Toutefois, quelques mises en garde doivent être formulées. La première ? L’accessibilité ! Autrement dit, quelle interface utilisateur sera déployée ?  « C’est elle qui fera que les futurs voyageurs utiliseront l’outil et que nous, nous récolterons de la donnée de qualité. Il est toujours possible de réaliser des choses très complexes avec l’IA, mais si personne ne comprend rien à l’interface, il ne se passera rien », alerte Guillaume Jouffre (GreenGo). D’où la nécessité de faciliter au maximum la compréhension de l’information et de fournir des solutions intuitives : si l’interface rebute les clients et professionnels, peu de chance qu’elle soit adoptée à grande échelle. C’est ce que soutient d’ailleurs Rémi Boisson, cofondateur de l’application Extracadabra qui fait matcher établissements de la restauration et candidats en quête d’un poste en extra ou plus pérenne. « Pour séduire les recrues dans ce secteur qui connait d’importantes difficultés de personnel, il faut travailler sa marque employeur. Cela signifie, pour chaque établissement inscrit, de réunir un maximum d’informations qui feront la différence (genre de restauration, modalités de pause, organisation générale, logiciels utilisés, etc.). Du côté du candidat, il suffit de remplir un questionnaire à partir de ses hard et soft skills pour établir le meilleur profil possible. Plus on réunira de données, plus on pourra relayer la bonne association établissement/candidat », développe-t-il. L’IA, sur la base d’une data fournie et vérifiée, limite ainsi le risque de se tromper. Cependant, cela ne signifie pas pour autant qu’elle prendra le lead de manière indépendante sur le business. L’humain conserve la main sur la stratégie que souhaite déployer chaque établissement. L’IA repose sur des statistiques, des probabilités : l’intervention humaine peut affiner les résultats ou les challenger, faisant intervenir sa connaissance de l’environnement de travail et des besoins réels. « L’humain ne doit pas s’effacer derrière la technologie : il faut pouvoir créer une combinaison entre l’objectivité de la machine et la subjectivité de l’humain (sa connaissance de l’environnement) », insiste Maalik Arban (E-Axess).  
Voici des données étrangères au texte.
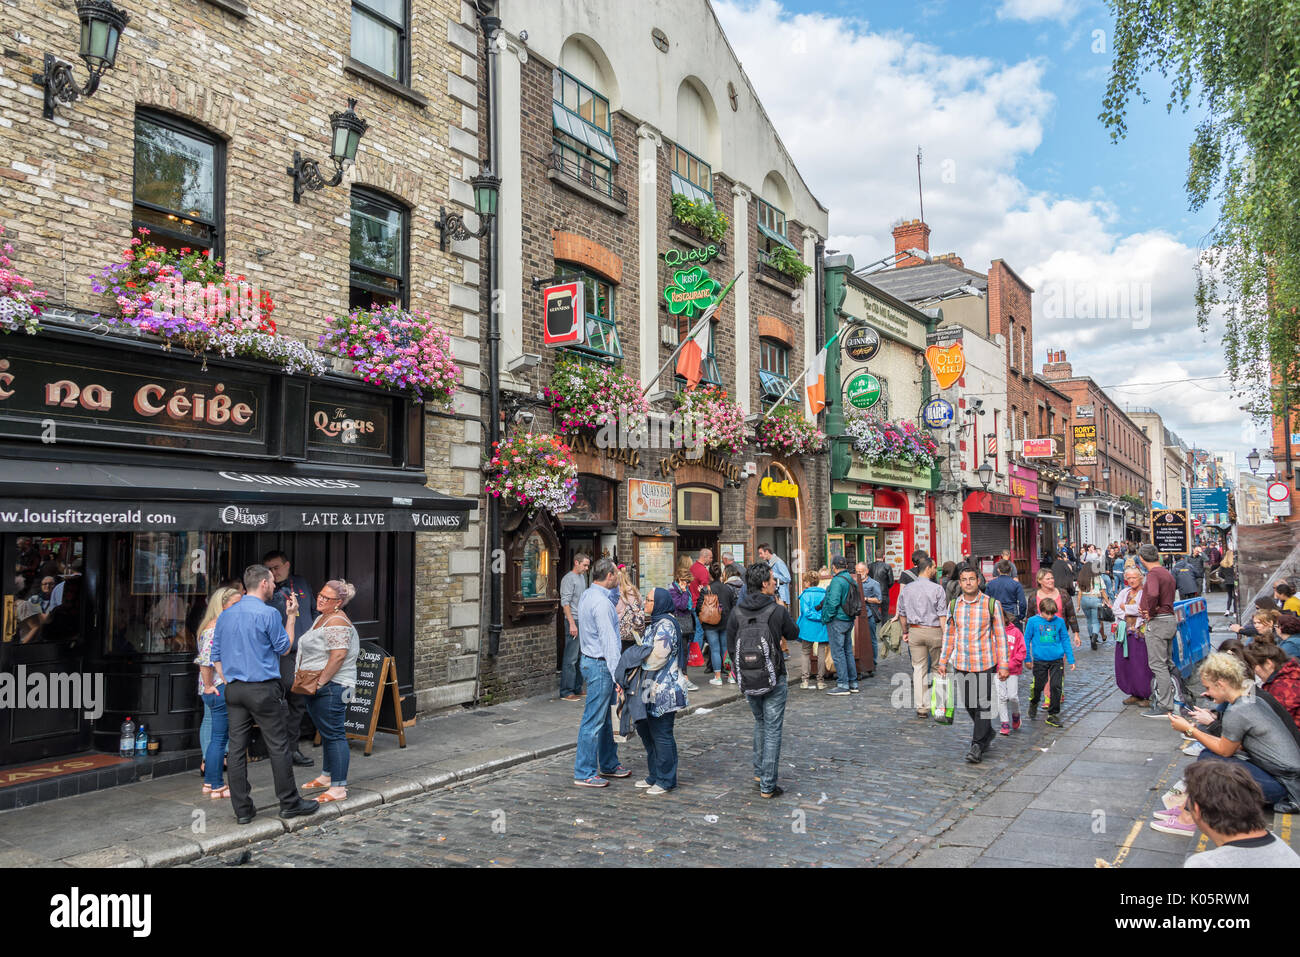 DUBLIN, Irland - 12. August: belebten Straße im touristischen Viertel Temple Bar in Dublin, Irland Stockfoto
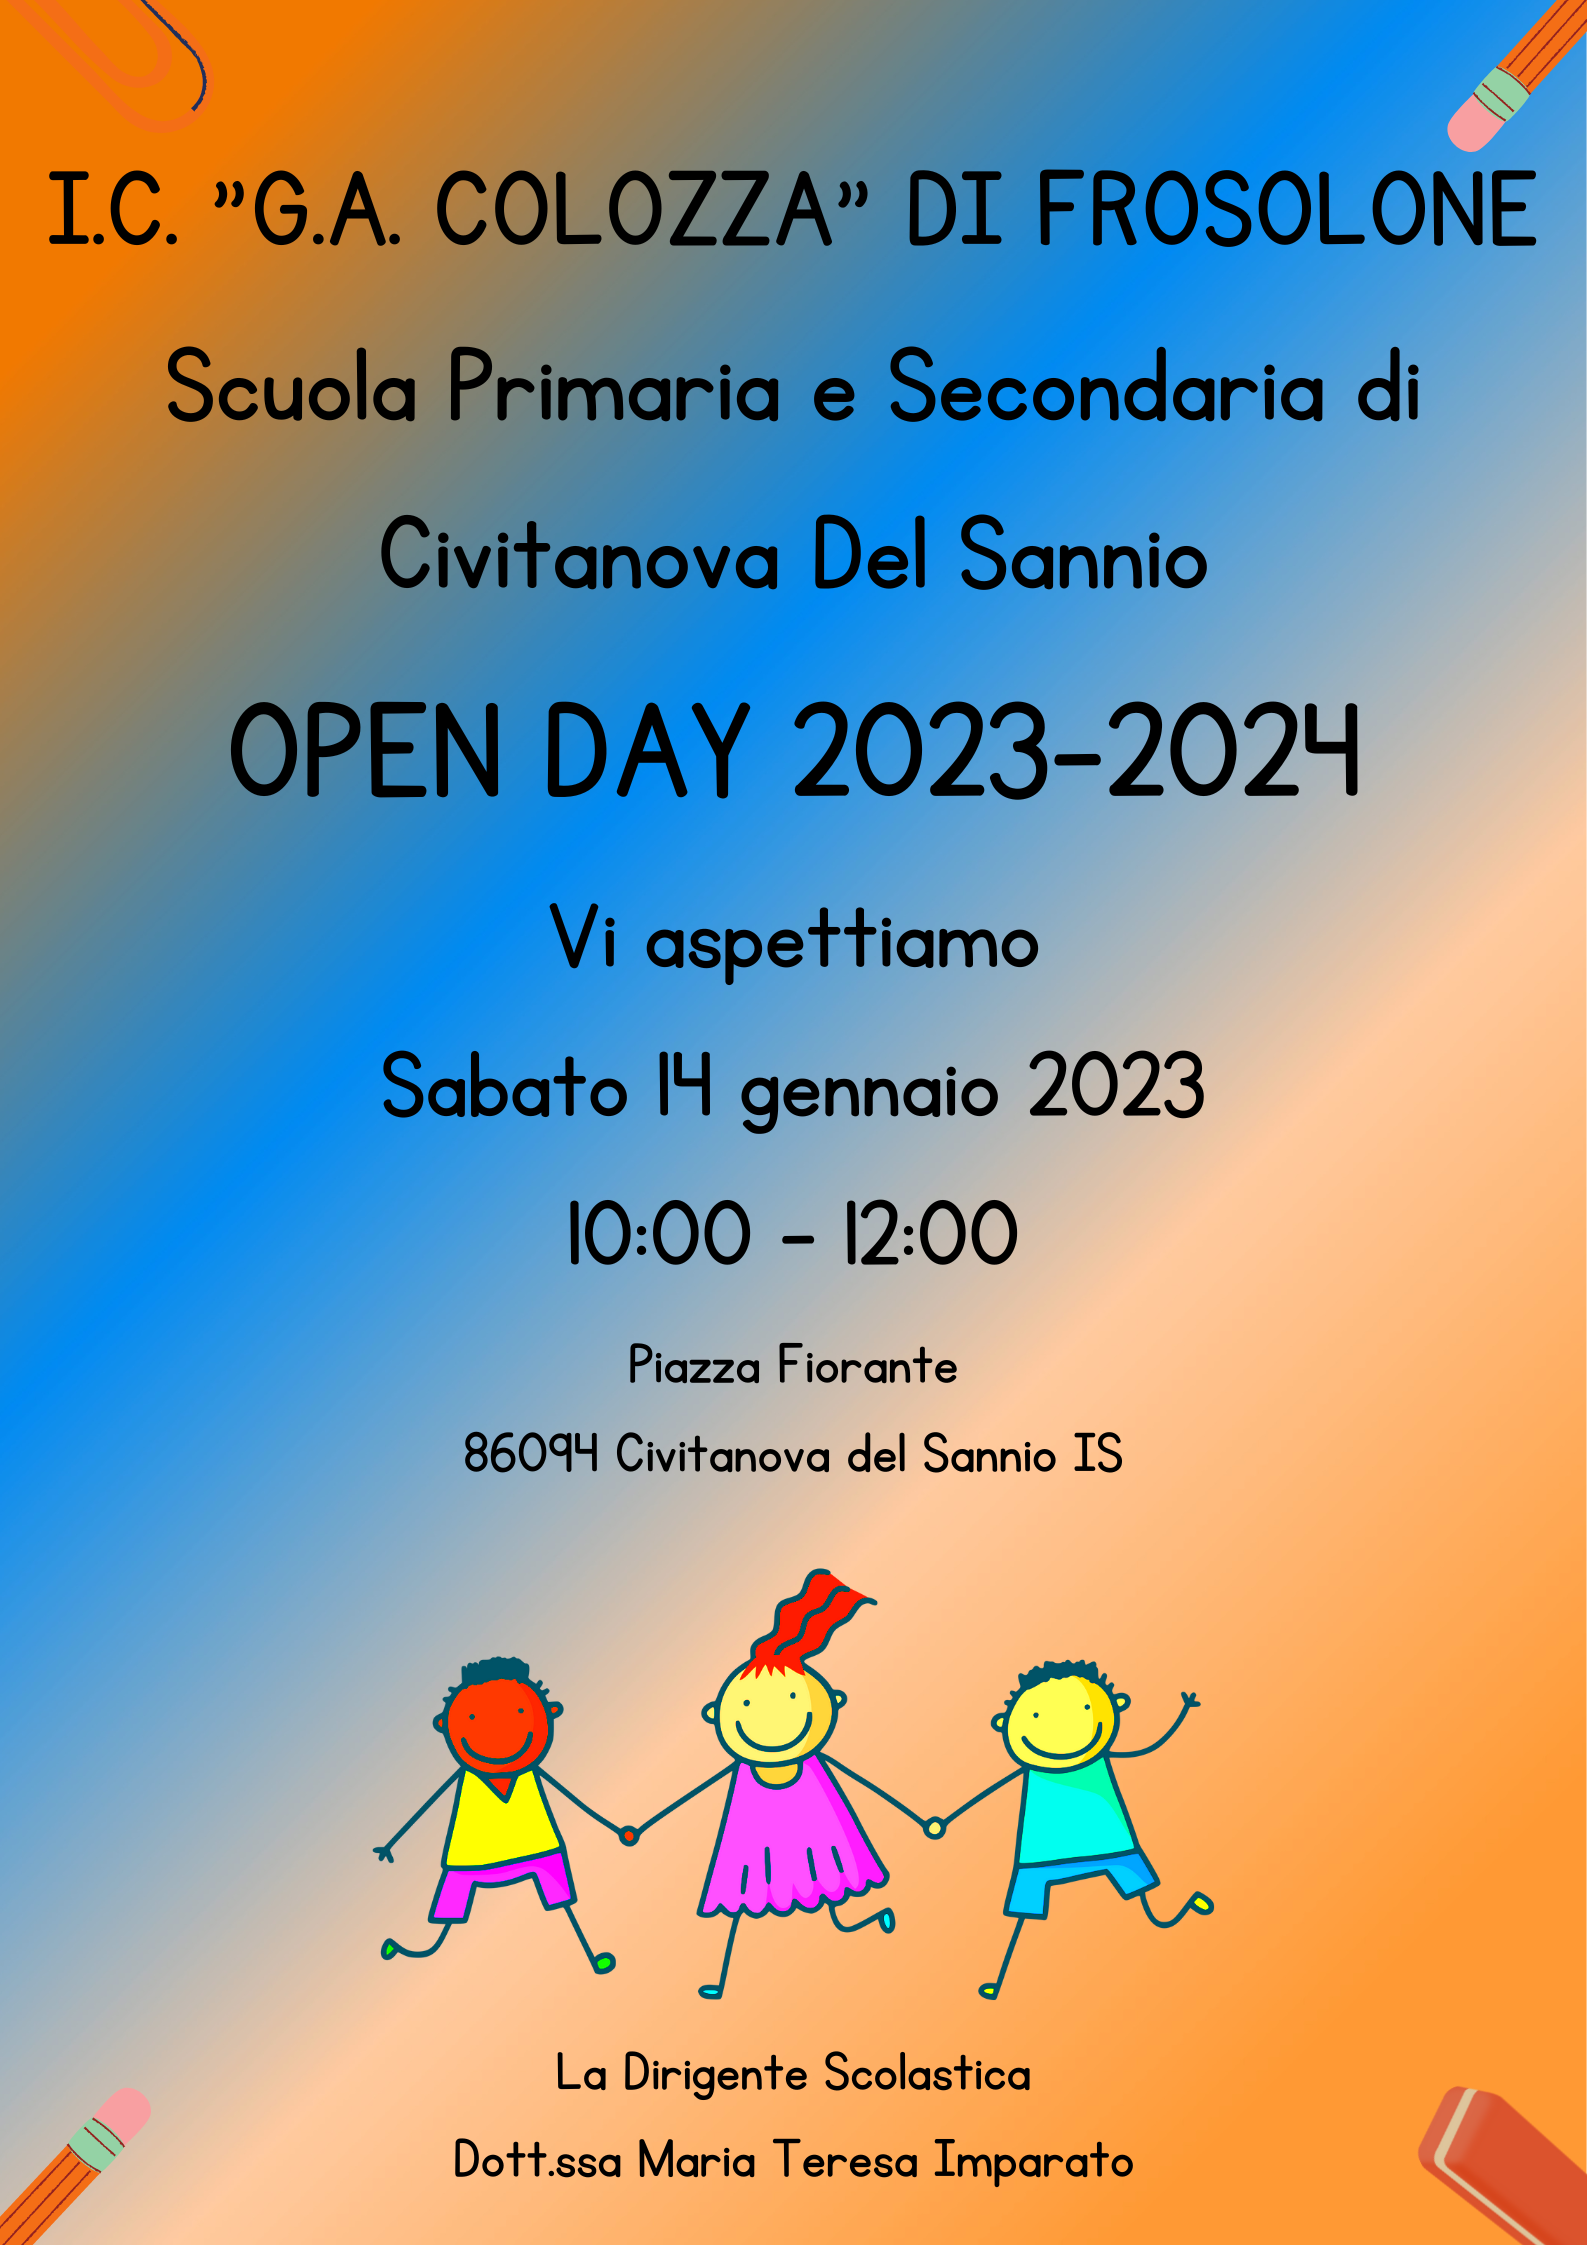 Al momento stai visualizzando Open Day Scuola Primaria e Secondaria di Civitanova Del Sannio.

IA : une contribution à hauteur de 15 700 milliards de dollars en 2030 

Alors les entrepreneurs du tourisme doivent-ils s’emparer de l’IA ? D’avis d’experts, la réponse est oui. « Le premier pas, c’est de s’interroger : quel est le temps que peut me faire gagner l’IA ? Avec cette technologie, qu’est-ce que je peux apporter à la fois à mes clients et à mes collaborateurs ? », soulève Rémi Boisson (Extracadabra). Là aussi, la compréhension est clé : il faut commencer sur ce qui semble à portée de l’entreprise et implanter les solutions au fur et à mesure. En ça, la formation sera essentielle, valorisant à nouveau ce nécessaire travail entre technologie et humain. D’autant plus que l’attente de personnalisation sera probablement grandissante du côté des consommateurs, de nouvelles solutions étant à prévoir dans les mois et années à venir. Le marché de l’IA ne fait que commencer car elle pourrait contribuer à plus de 15 700 milliards de dollars à l’économie mondiale, à horizon 2030 ! Pour les professionnels, c’est à nouveau la promesse de tâches besogneuses délaissées au profit du temps passé auprès du client. C’est aussi le gage de rester compétitifs grâce à de meilleures efficacité et compréhension du marché. L’IA continuera donc de bouleverser le secteur, ouvrant sans cesse de nouveaux cas d’usage. Elle contribuera aussi probablement à l’accélération de la transition écologique du tourisme, les acteurs de ce secteur étant stimulés pour rendre leurs offres et services encore plus responsables.